_Task directions_.
From top to bottom, return the listing exactly as it appears, omitting its images.

_Recorded information_.
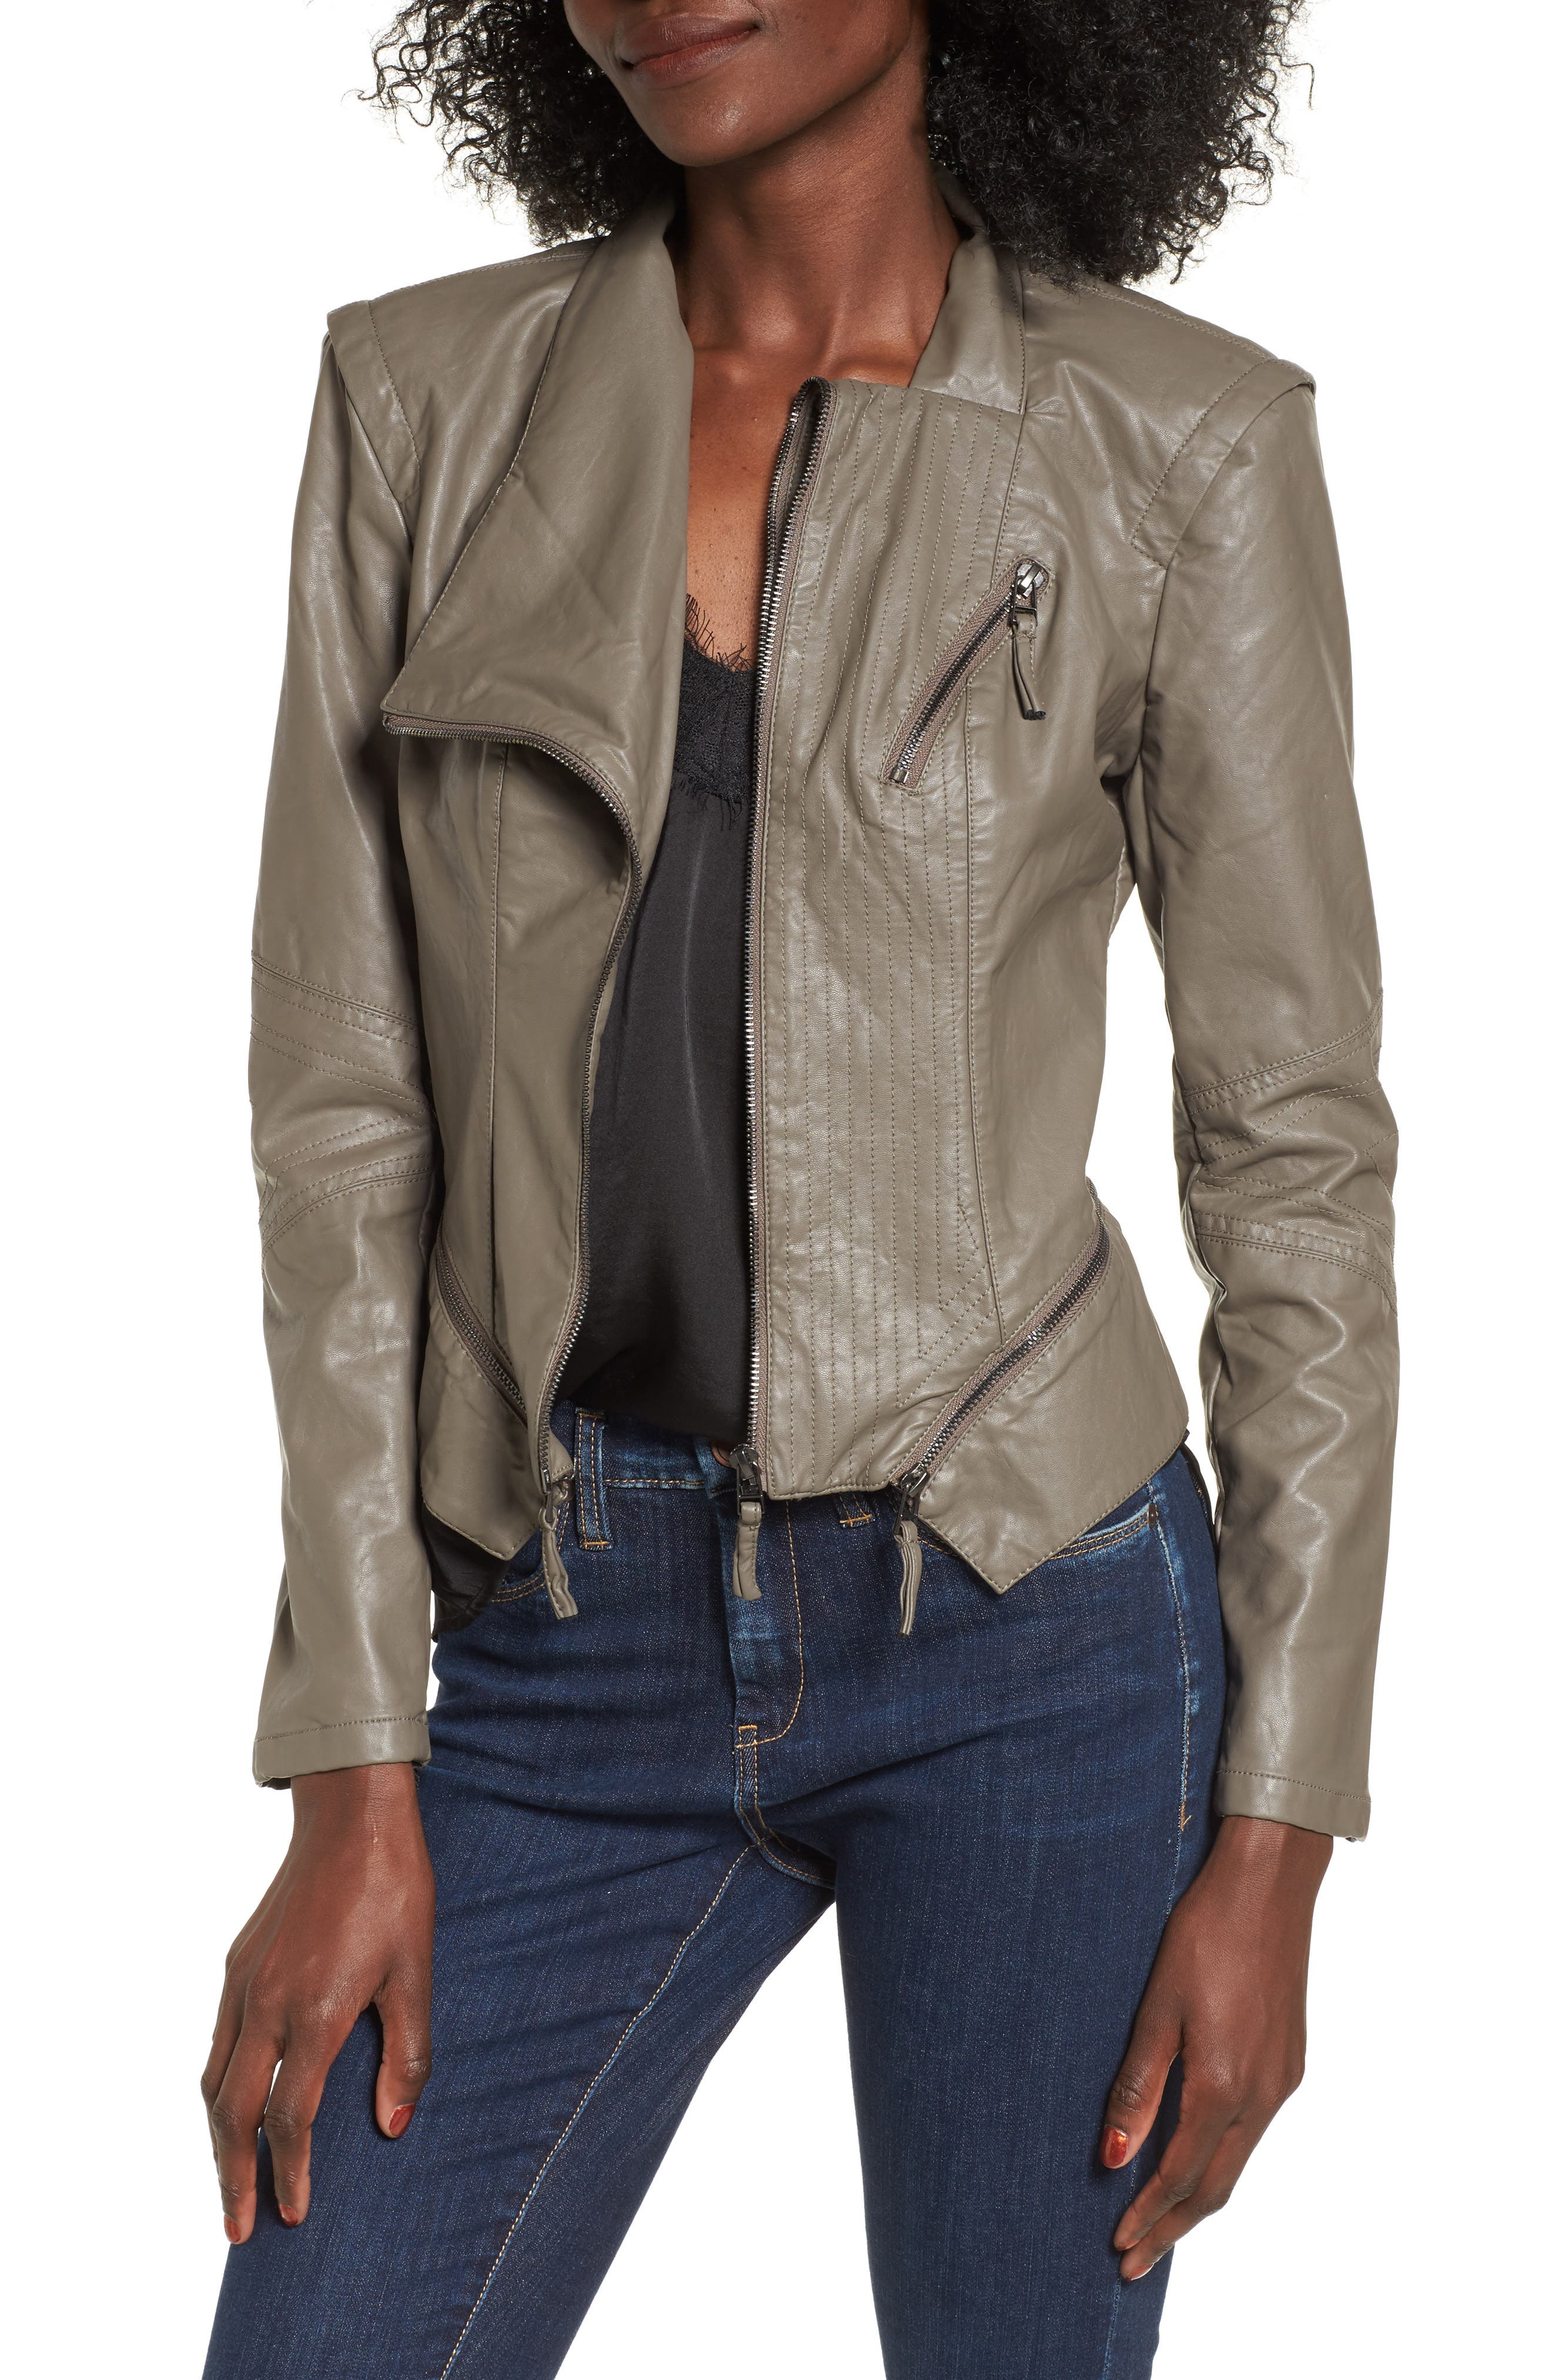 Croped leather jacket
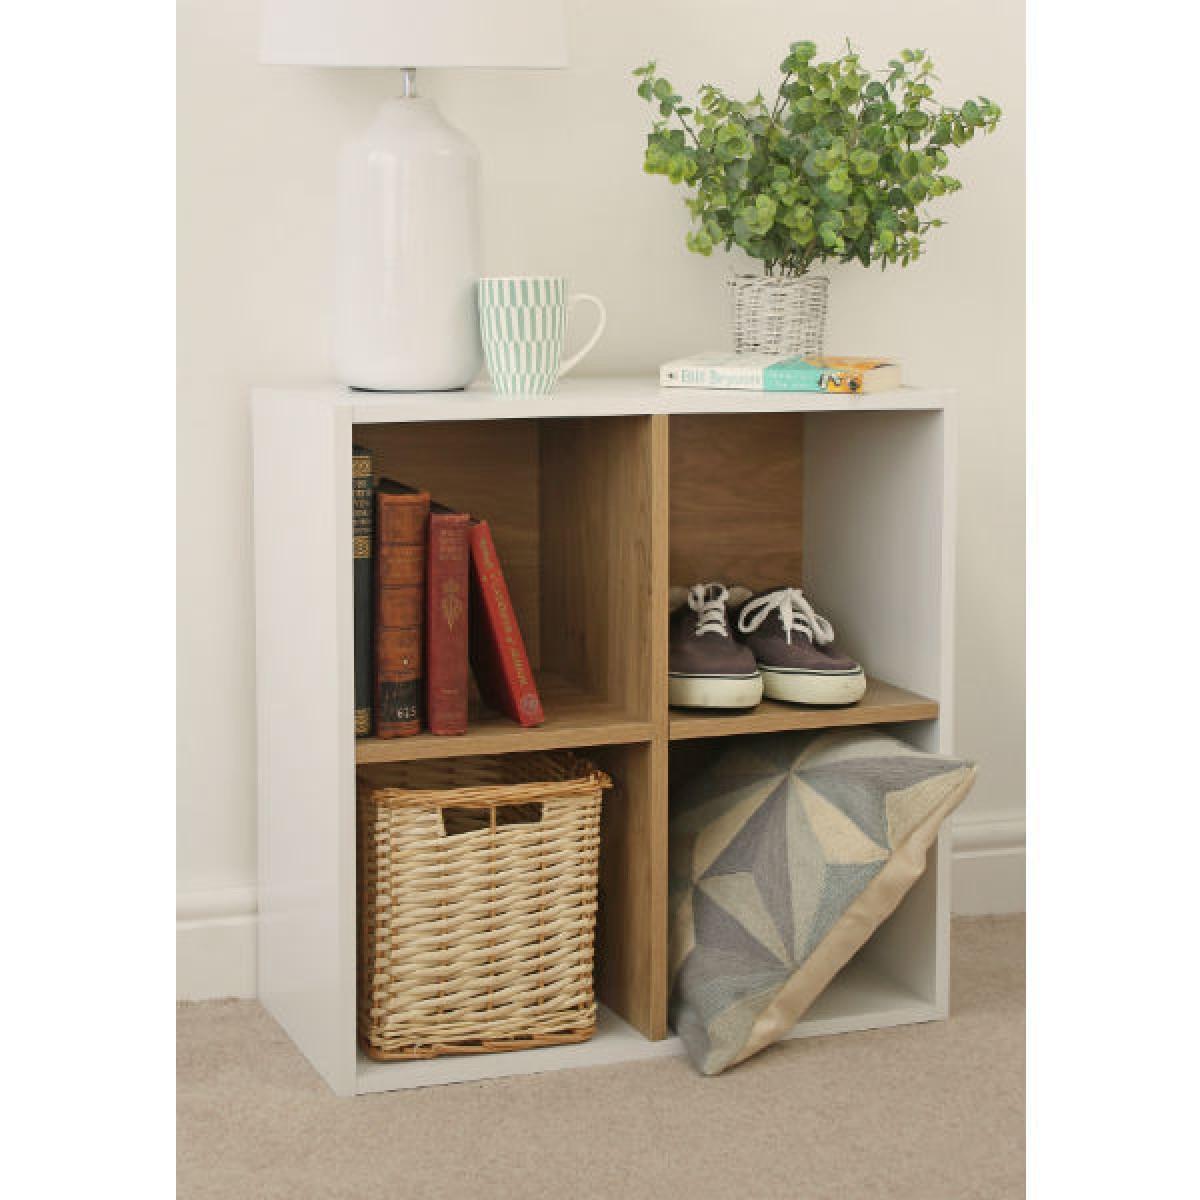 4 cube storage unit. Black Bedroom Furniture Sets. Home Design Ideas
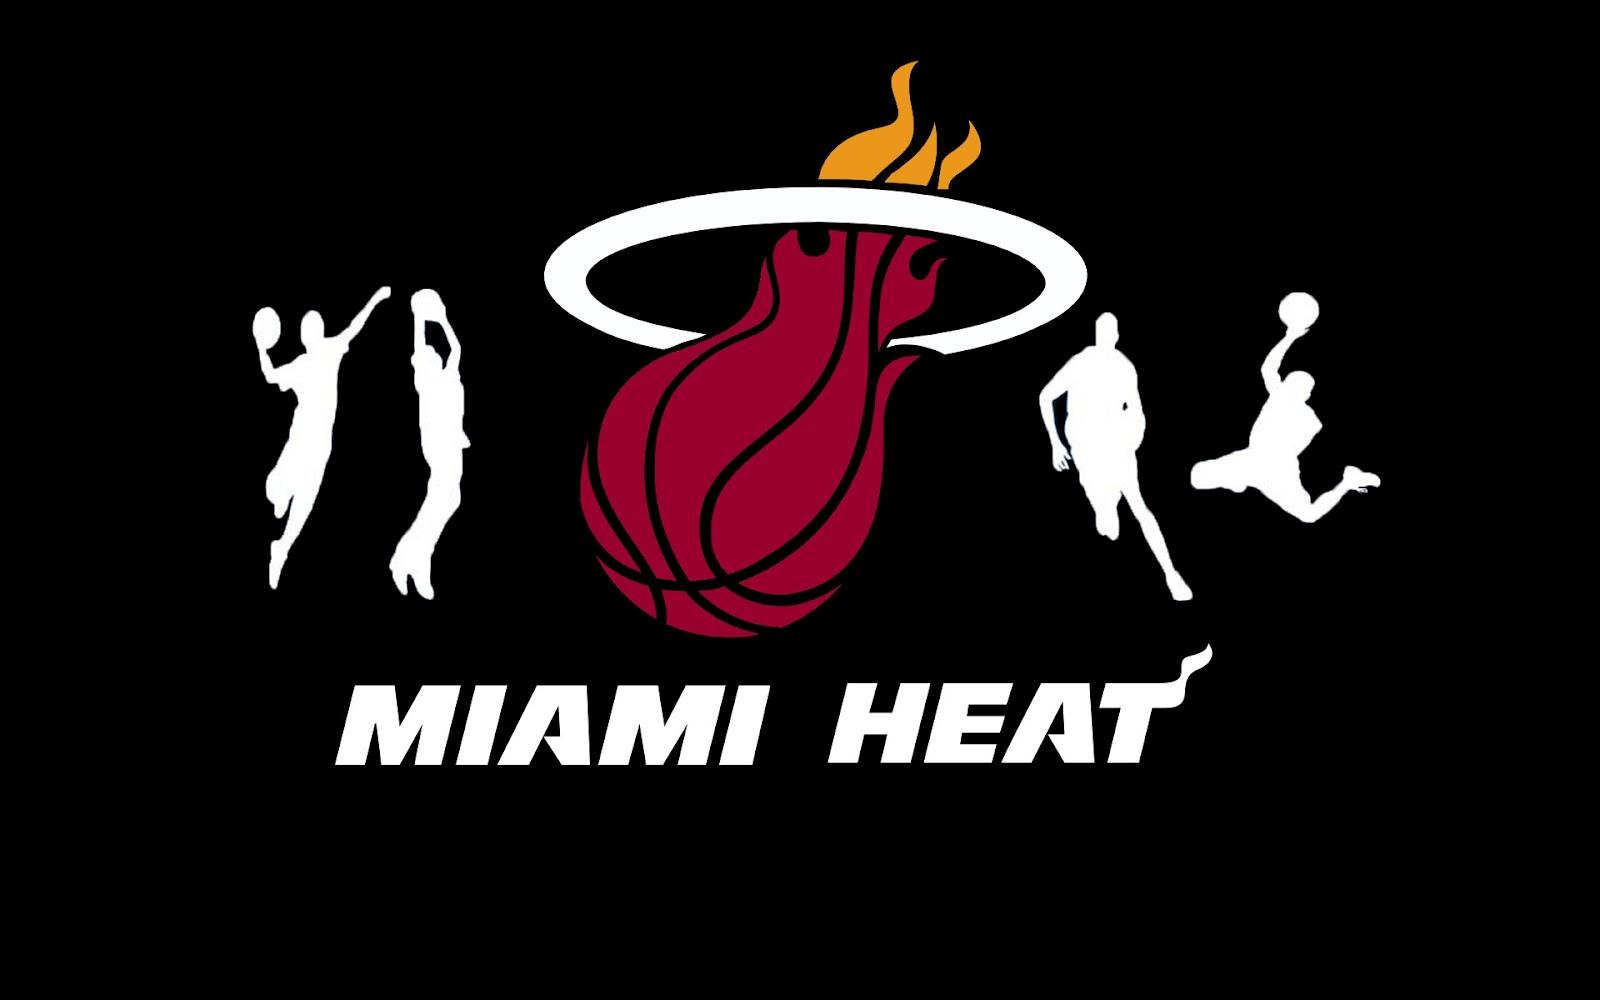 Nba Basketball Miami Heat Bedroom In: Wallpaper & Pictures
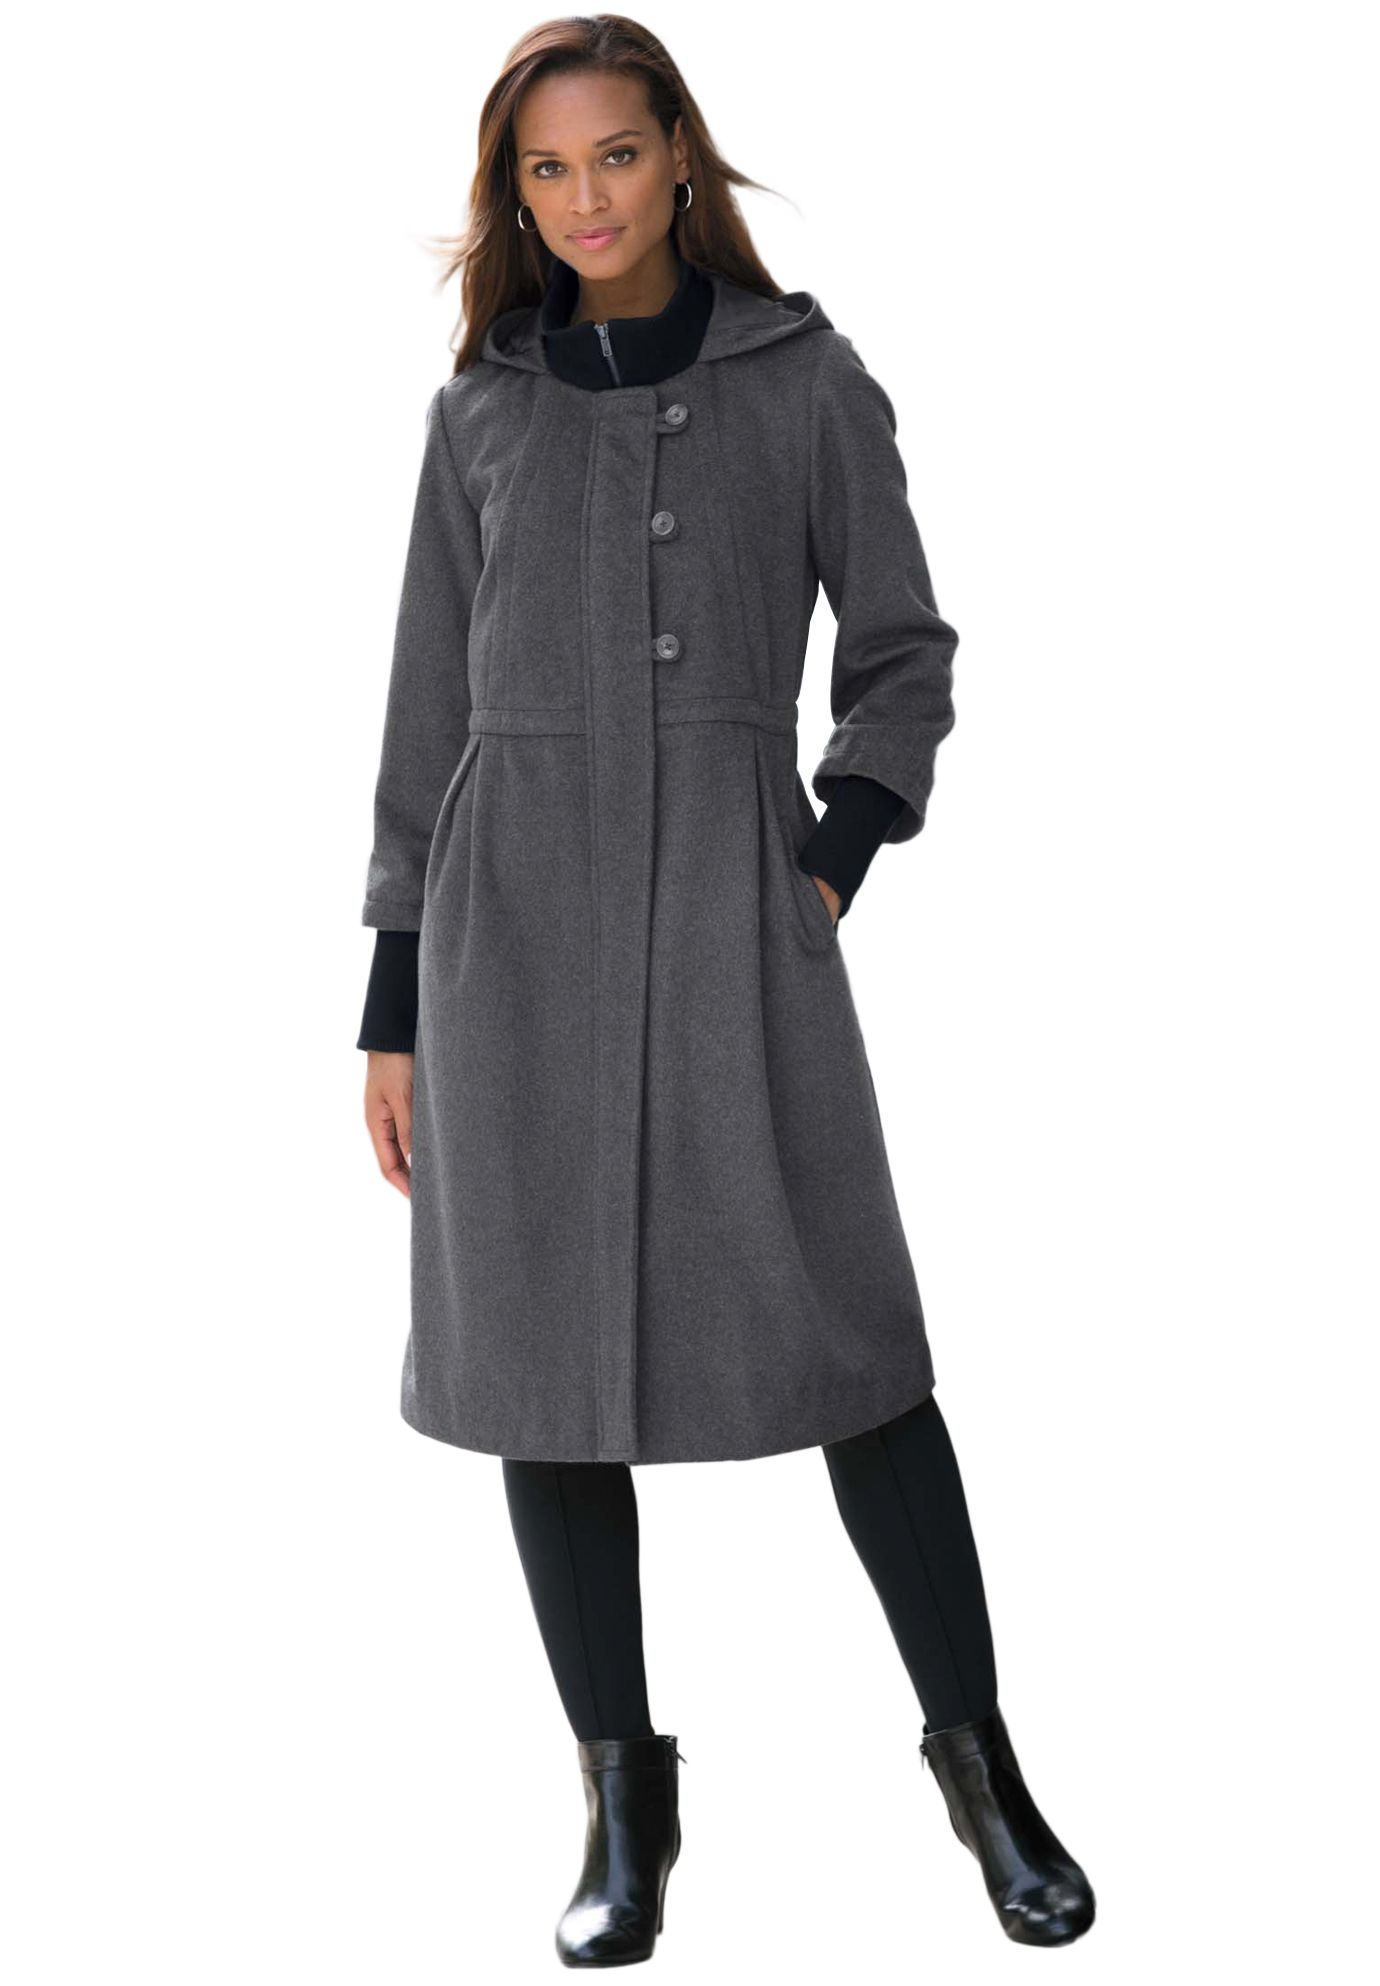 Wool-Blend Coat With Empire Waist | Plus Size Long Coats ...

_Response below_.
 Croped leather jacket
 4 cube storage unit. Black Bedroom Furniture Sets. Home Design Ideas
 Nba Basketball Miami Heat Bedroom In: Wallpaper & Pictures
 Wool-Blend Coat With Empire Waist | Plus Size Long Coats ...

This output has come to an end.